When type inference falters (::Any
in @code_warntype
printout), my understanding is that function calls are dynamically dispatched. In other words, at run-time, the arguments' types are checked to find the specialization (MethodInstance
) for the concrete argument types. Needing to do this at run-time instead of compile-time incurs performance costs.
(EDIT: originally, I said "multiple dispatch finds the fitting method" between the type-checking and specialization-finding, but I don't actually know if this part happens at runtime. It seems that it only needs to happen if no valid specialization exists and one needs to be compiled.)
In cases where only one argument's concrete type needs to be checked, is it possible to do a faster dynamic single dispatch instead, like in some sort of lookup table of specializations? I just can't find a way to access and call MethodInstance
s as if they were functions.
When it comes to altering dispatch or specialization, I thought of invoke
and @nospecialize
. invoke
looks like it might skip right to a specified method, but checking multiple argument types and specialization must still happen. @nospecialize
doesn't skip any part of the dispatch process, just results in different specializations.

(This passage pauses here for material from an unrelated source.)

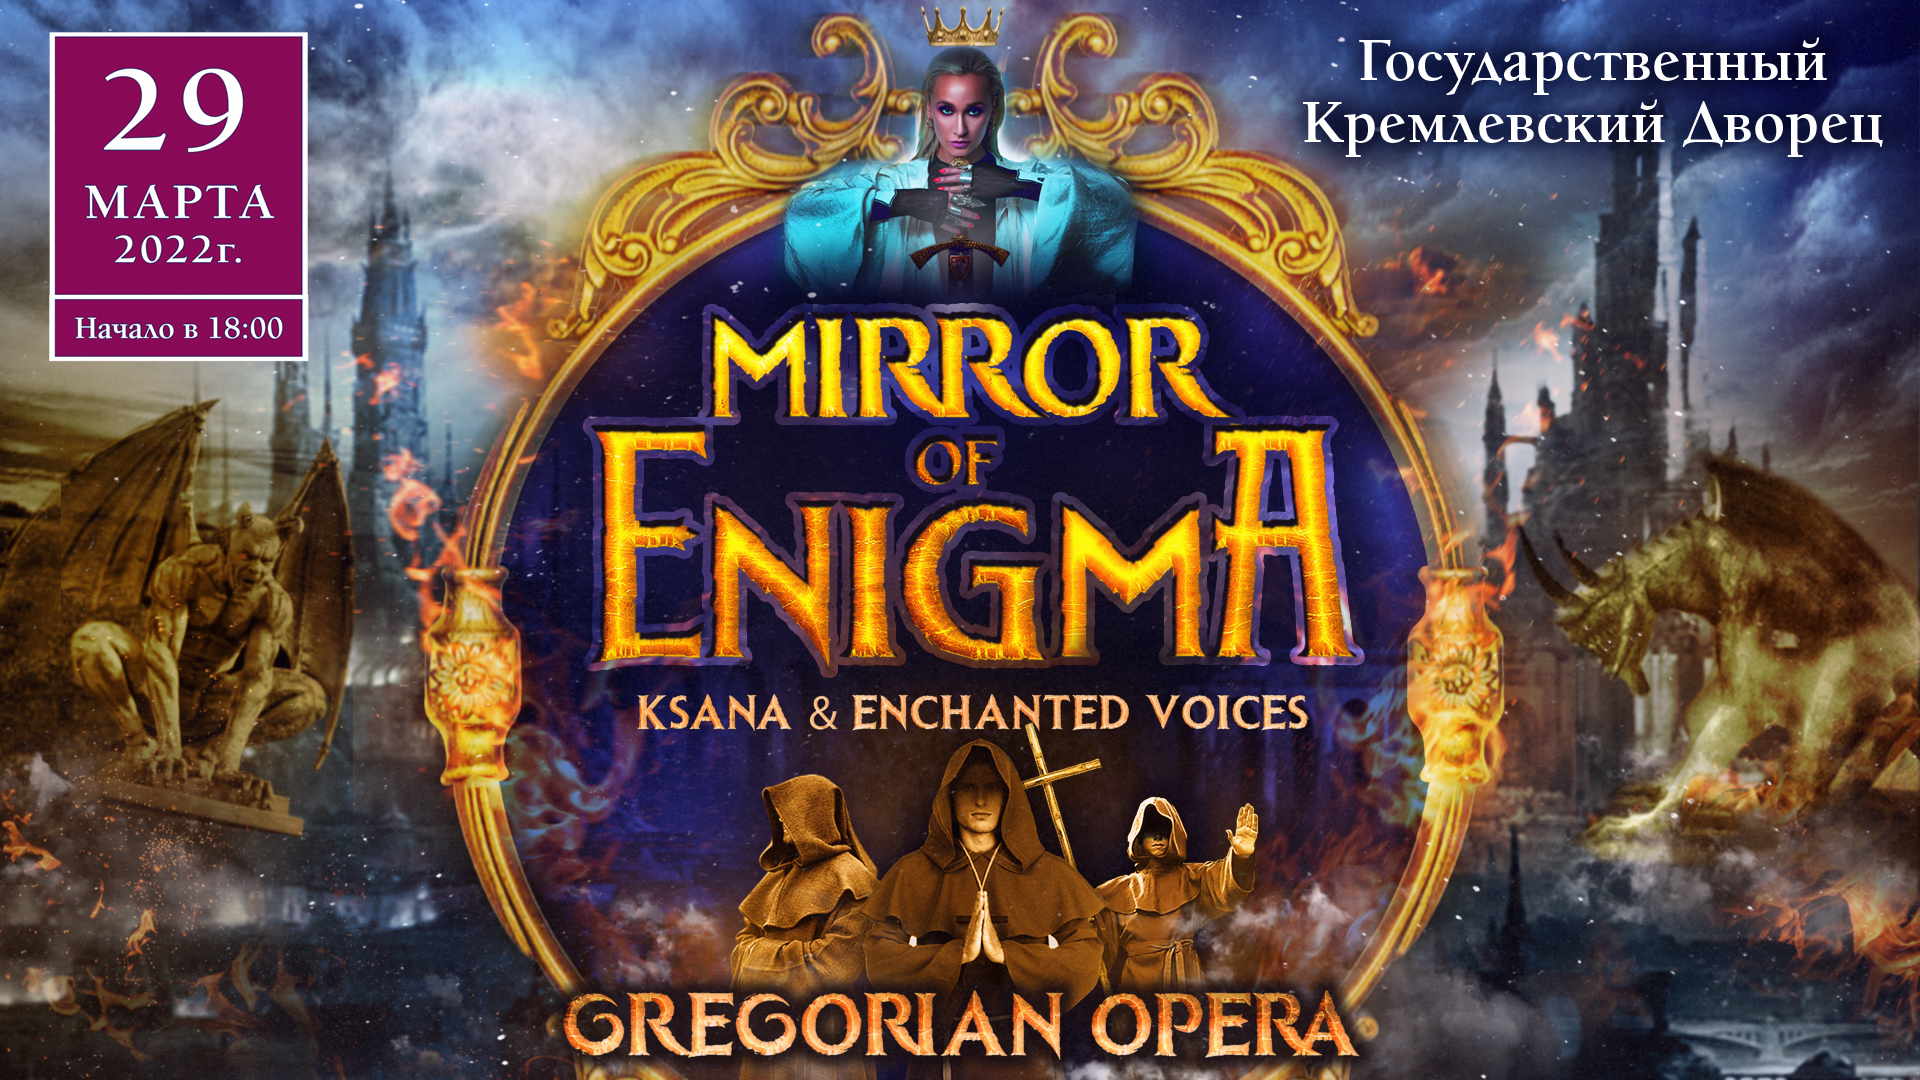 "MIRROR OF ENIGMA" GREGORIAN OPERA. KSANA & ENCHANTED VOICES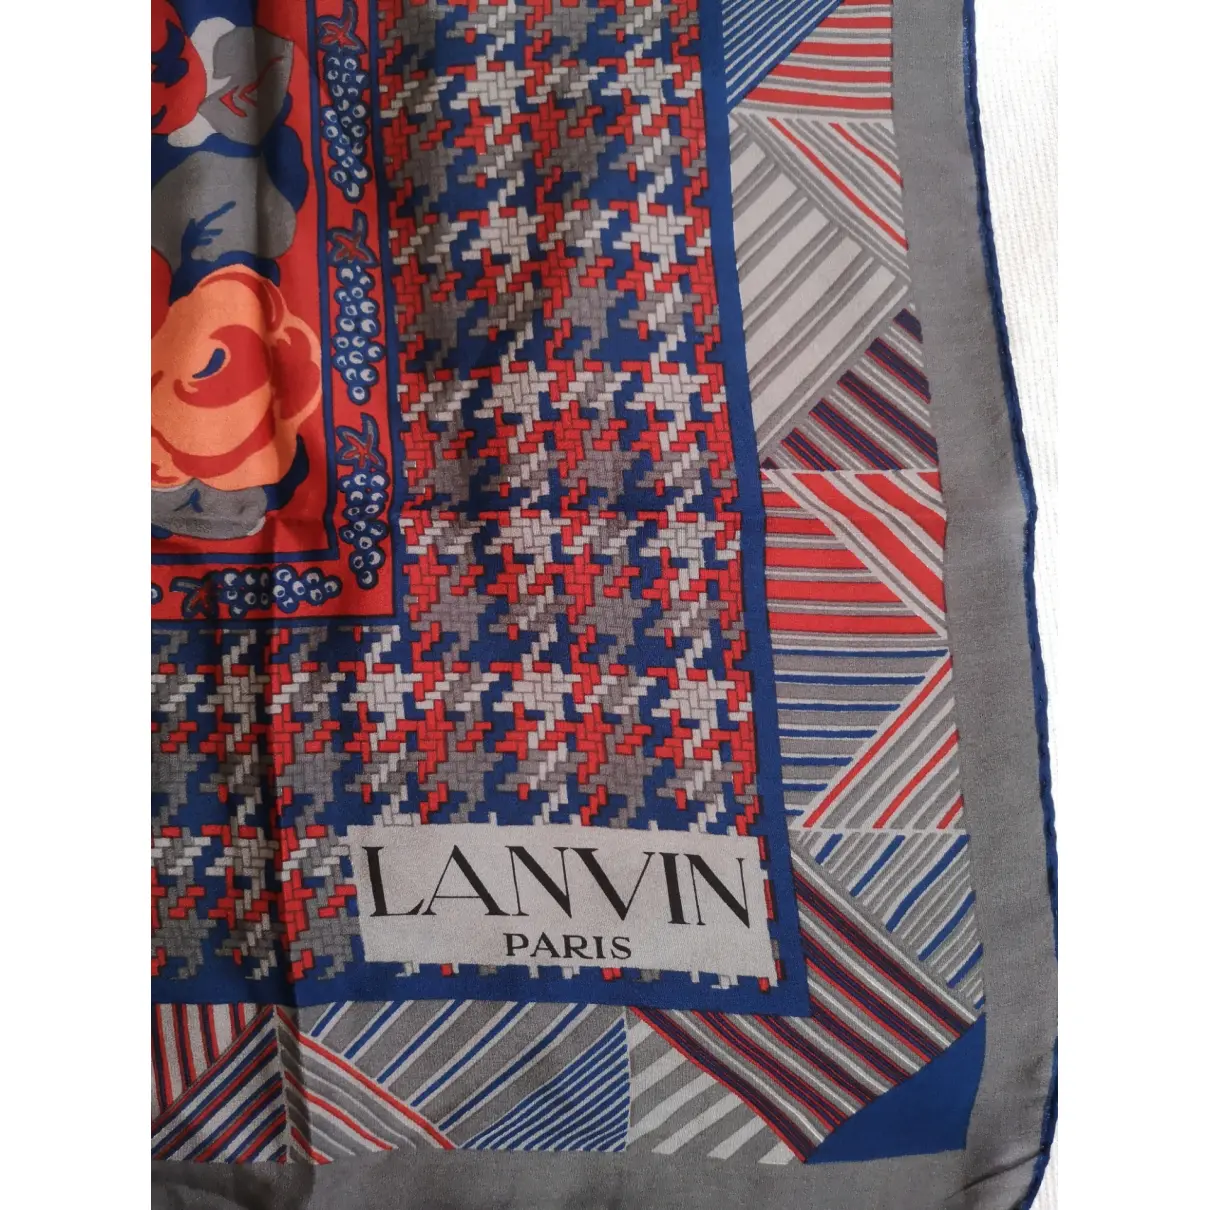 Buy Lanvin Silk neckerchief online - Vintage

EDIT: A minimal example with comments that hopefully describe what I'm talking about.
struct Foo end
struct Bar end
# want to dispatch only on 1st argument
# still want to specialize on 2nd argument
baz(::Foo, ::Integer) = 1
baz(::Foo, ::AbstractFloat) = 1.0
baz(::Bar, ::Integer) = 1im
baz(::Bar, ::AbstractFloat) = 1.0im
x = Any[Foo(), Bar(), Foo()]
# run test1(x, 1) or test1(x, 1.0)
function test1(x, second)
# first::Any in @code_warntype printout
for first in x
# first::Any requires dynamic dispatch of baz
println(baz(first, second))
# Is it possible to only dispatch -baz- on -first- given
# the concrete types of the other arguments -second-?